Work required »
Shown below is a listing with pictures; reproduce exactly, and only, the lines between the ones containing "Generale RegistroProtocOllo Entrata" and "Pink Panther Vintage Girls T-Shirt, , hi-res", inclusive, leaving the pictures out.

Data for the task »
•••

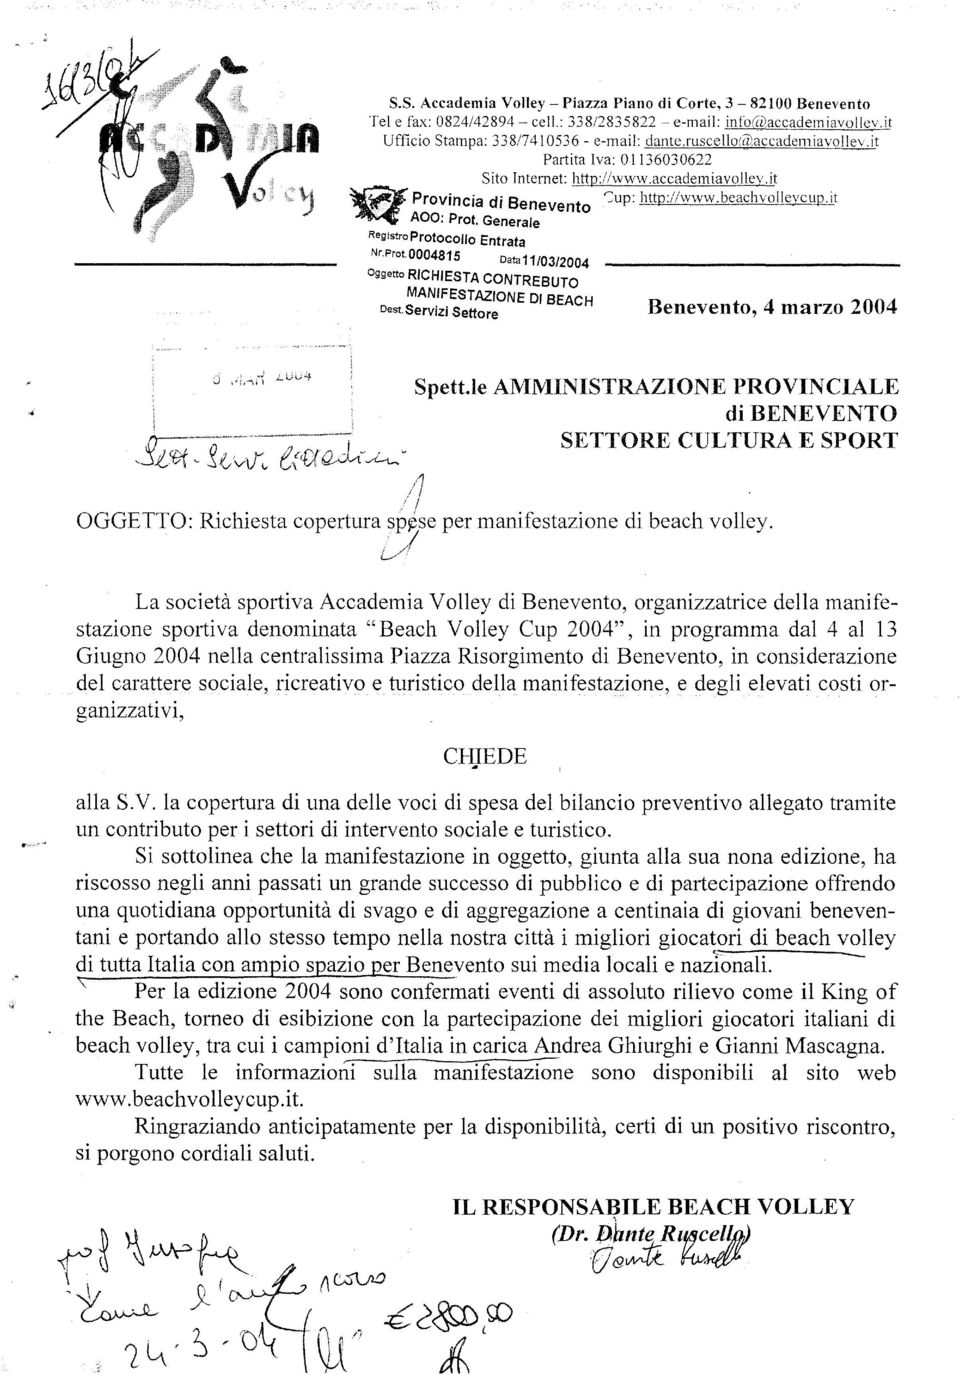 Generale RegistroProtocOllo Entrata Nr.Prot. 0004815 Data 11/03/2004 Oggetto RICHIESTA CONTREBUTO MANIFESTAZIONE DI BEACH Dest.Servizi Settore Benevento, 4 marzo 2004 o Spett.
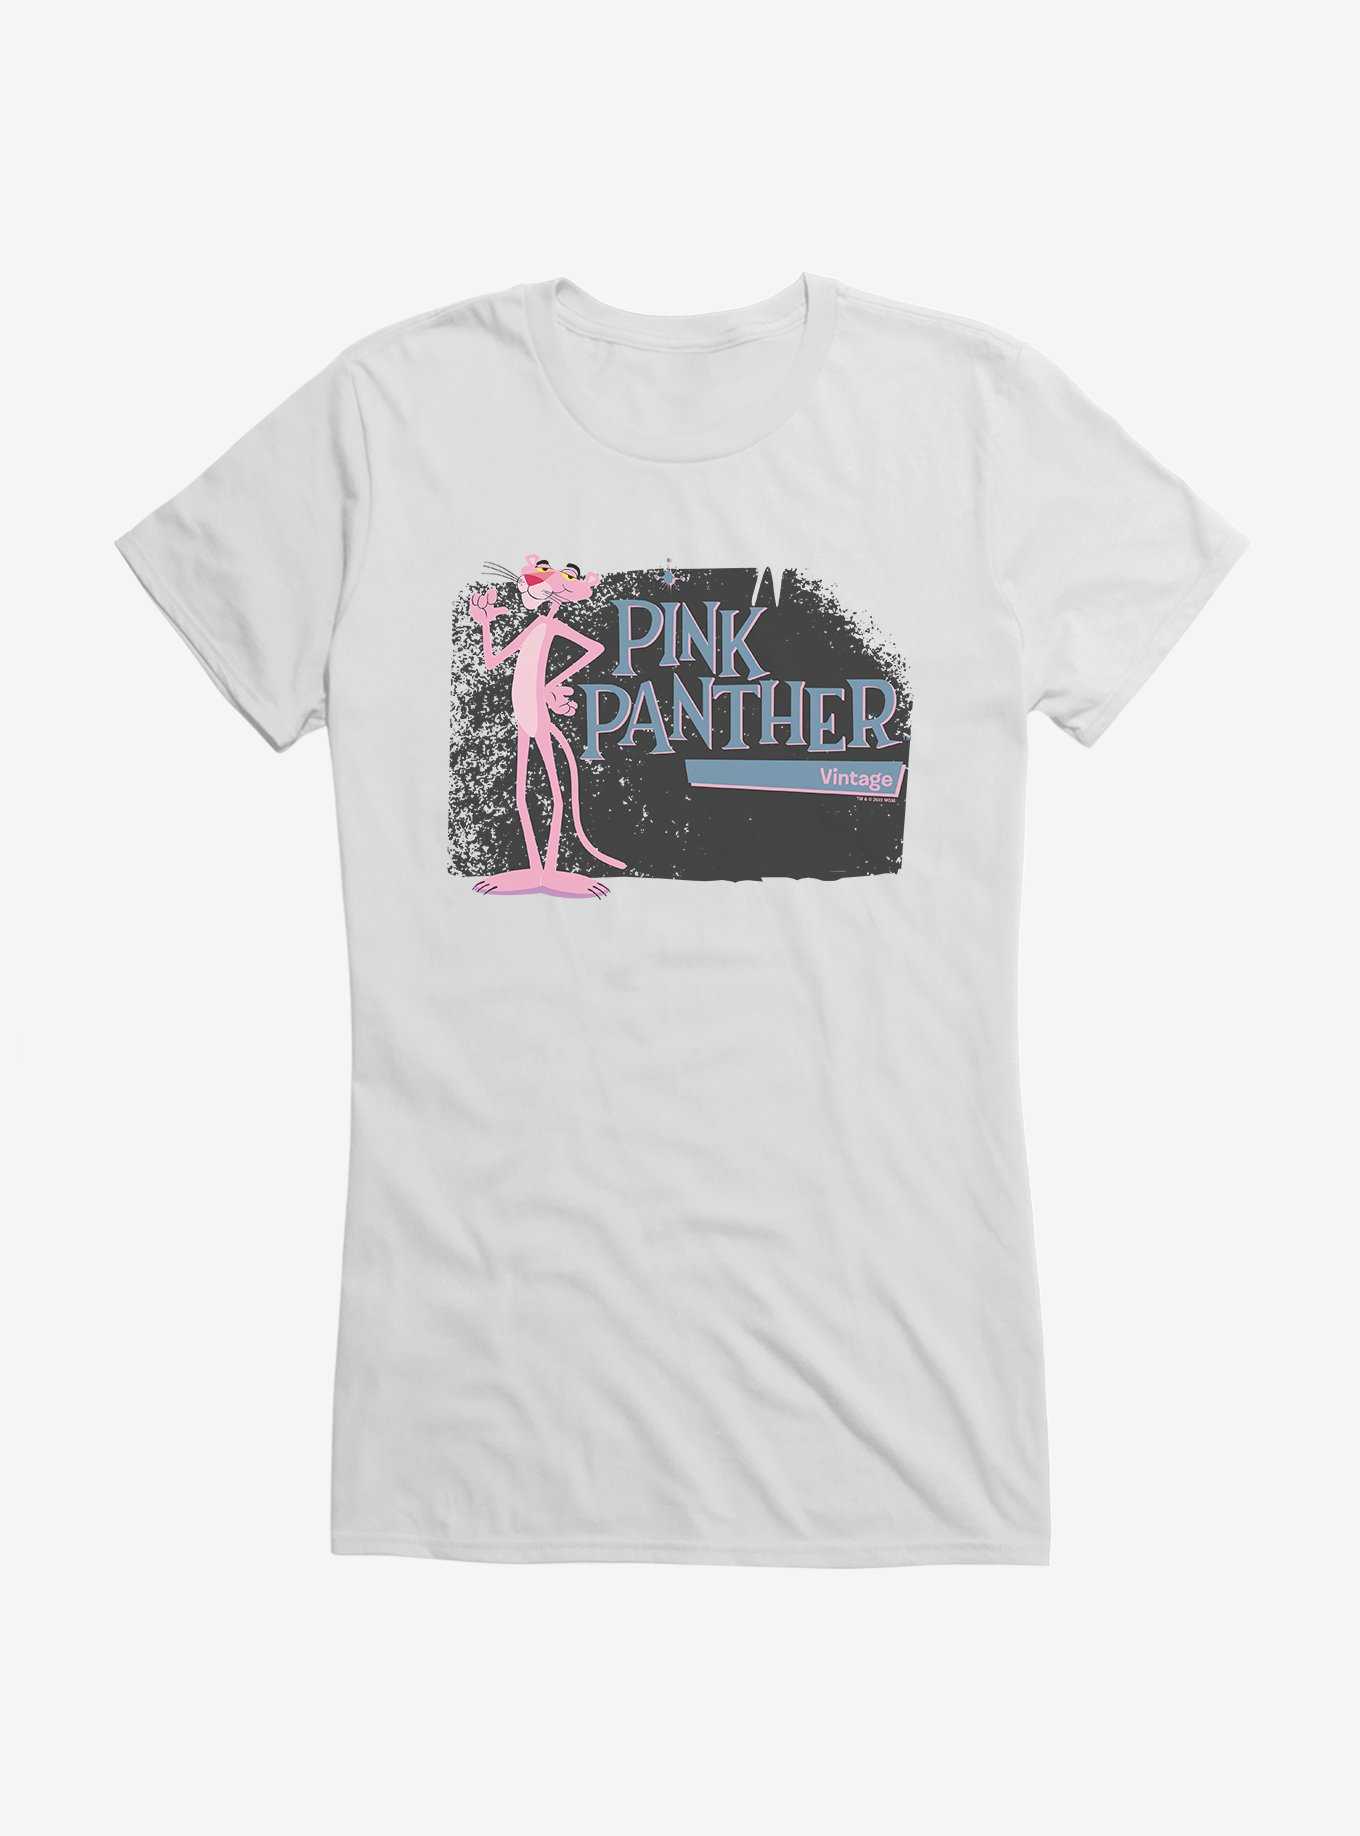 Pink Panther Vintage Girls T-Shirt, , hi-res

•••

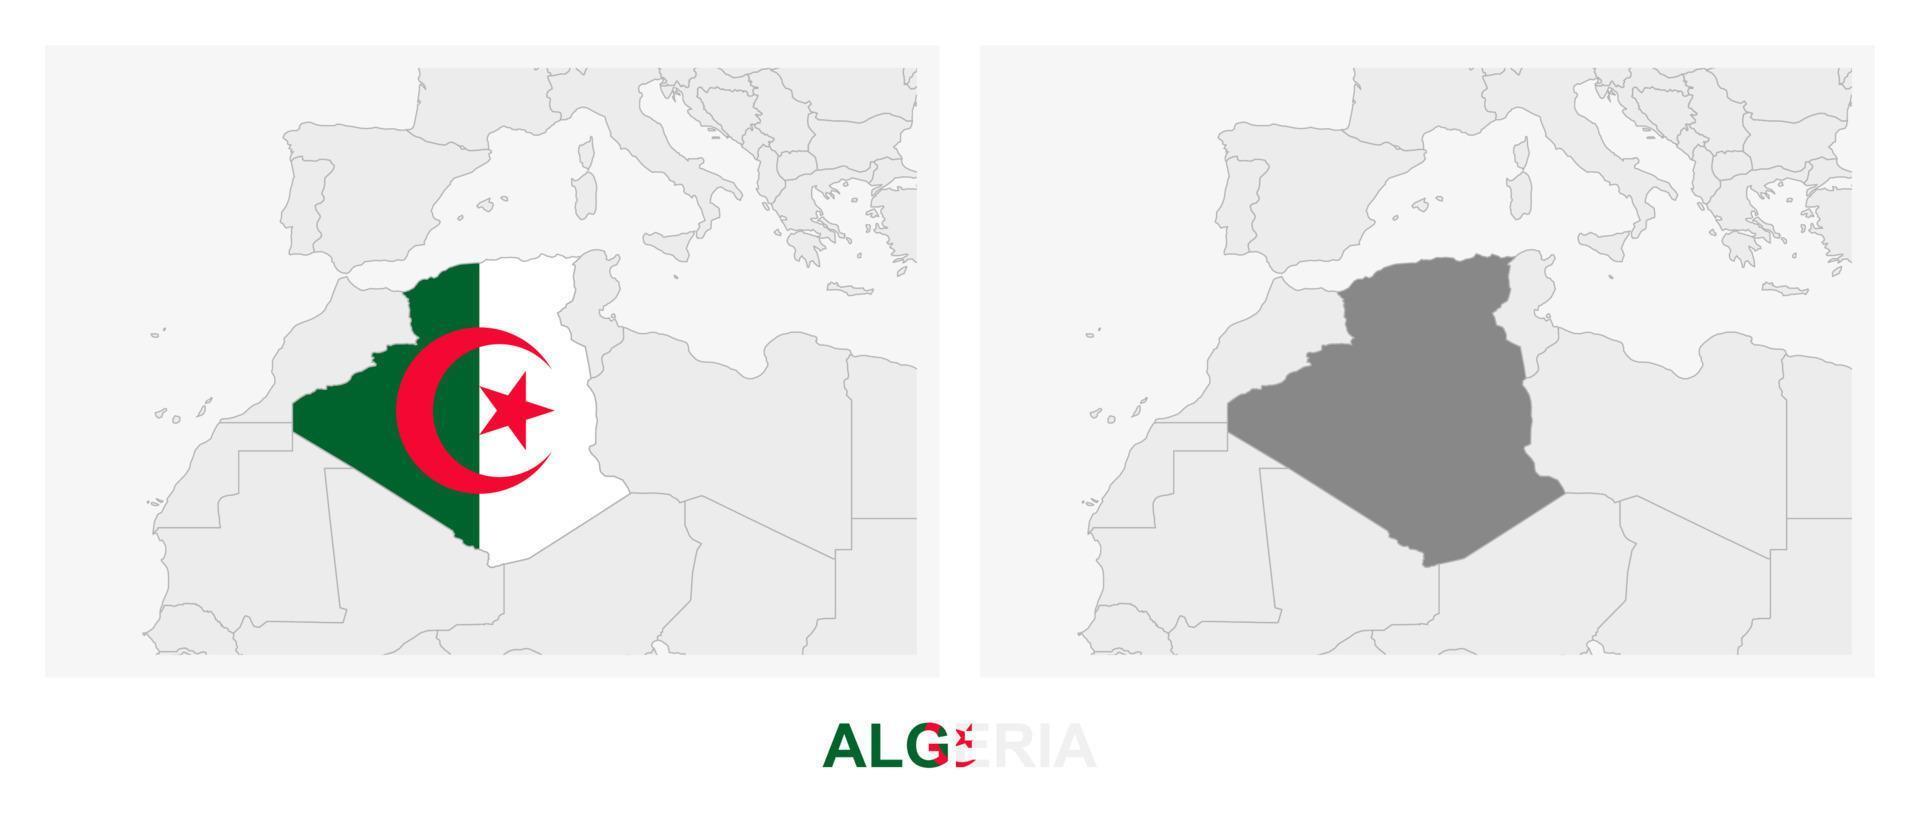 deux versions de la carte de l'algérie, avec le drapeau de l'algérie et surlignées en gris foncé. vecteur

•••

Answer to the problem »
 Generale RegistroProtocOllo Entrata Nr.Prot. 0004815 Data 11/03/2004 Oggetto RICHIESTA CONTREBUTO MANIFESTAZIONE DI BEACH Dest.Servizi Settore Benevento, 4 marzo 2004 o Spett.
 Pink Panther Vintage Girls T-Shirt, , hi-res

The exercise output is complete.